Classification Logic for Evaluation Metrics
This document defines the classification logic used in the stickler library for evaluating predictions against ground truth.
Core Definitions
The confusion matrix metrics classify comparisons into five categories:
| Category | Abbreviation | Definition |
|---|---|---|
| True Positive (TP) | TP | GT != null, EST != null, GT == EST (match above threshold) |
| False Alarm (FA) | FA | GT == null, EST != null |
| True Negative (TN) | TN | GT == null, EST == null |
| False Negative (FN) | FN | GT != null, EST == null |
| False Discovery (FD) | FD | GT != null, EST != null, GT != EST (match below threshold) |
False alarm (FA) and false discovery (FD) are a subset of false positives (FP).
FP = FA + FD
Where: - GT = Ground Truth - EST = Estimate (Prediction)

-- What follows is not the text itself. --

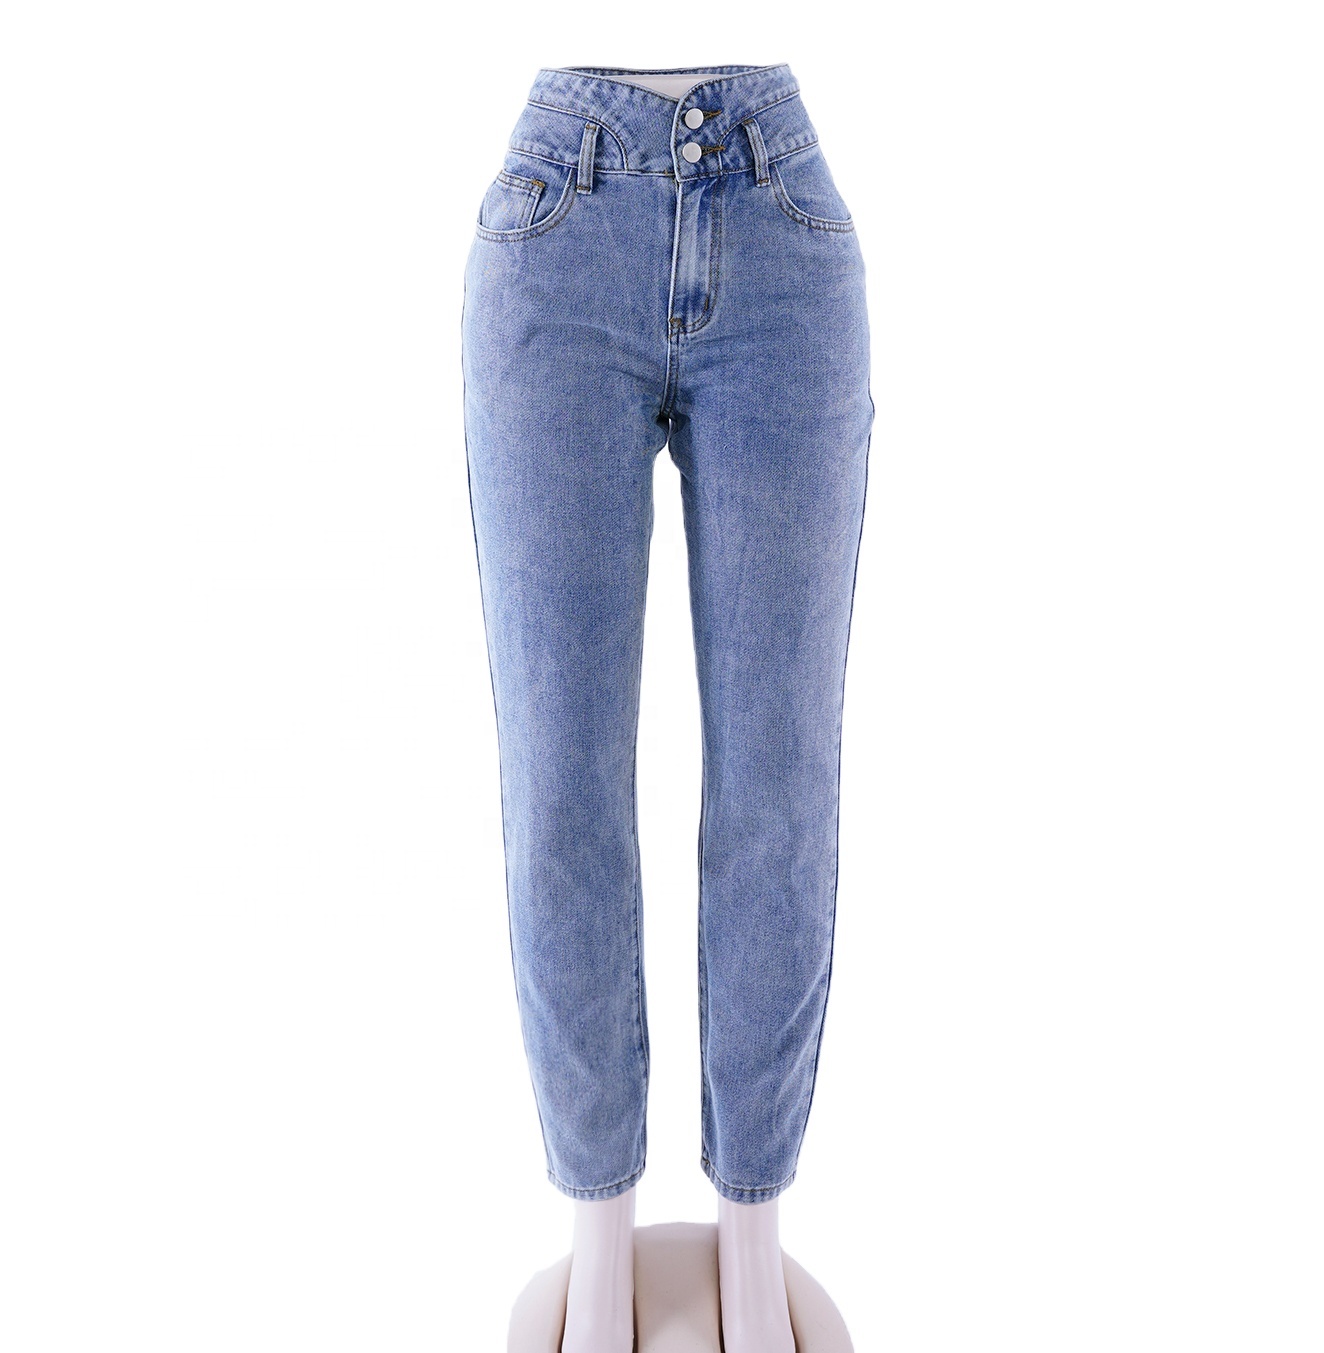 SKYKINGDOM brand design denim jeans light blue straight tube stretch jeans for woman

Classification Logic by Data Type
Simple Values (Strings, Numbers, etc.)
| Ground Truth | Prediction | Classification | Explanation |
|---|---|---|---|
| "value" | "value" | TP | Exact match |
| "value" | "similar" | FD | Both non-null but don't match above threshold |
| "value" | null | FN | Missing prediction for existing ground truth |
| null | "value" | FP | Prediction exists but no ground truth (False Alarm) |
| null | null | TN | Correctly predicted absence |
| "" (empty) | null | Treated as TN | Empty strings are treated as null |
| null | "" (empty) | Treated as TN | Empty strings are treated as null |
Lists
For lists, we use the Hungarian algorithm to find optimal matching between elements:
- Empty Lists:
- GT = [], EST = [] → TN (both empty)
- GT = [], EST = ["item"] → FA (False Alarm for each prediction item)
-
GT = ["item"], EST = [] → FN (False Negative for each ground truth item)
-
Element Matching:
- Each element in GT is matched with at most one element in EST
- Each element in EST is matched with at most one element in GT
-
Matching maximizes overall similarity
-
Classification of Matched Elements:
- If similarity ≥ threshold → TP
-
If similarity < threshold → FD (False Discovery)
-
Classification of Unmatched Elements:
- Unmatched GT elements → FN
- Unmatched EST elements → FA (False Alarm)
Example 1: Mixed Matching
GT = ["red", "blue", "green"]
EST = ["red", "yellow", "orange", "blue"]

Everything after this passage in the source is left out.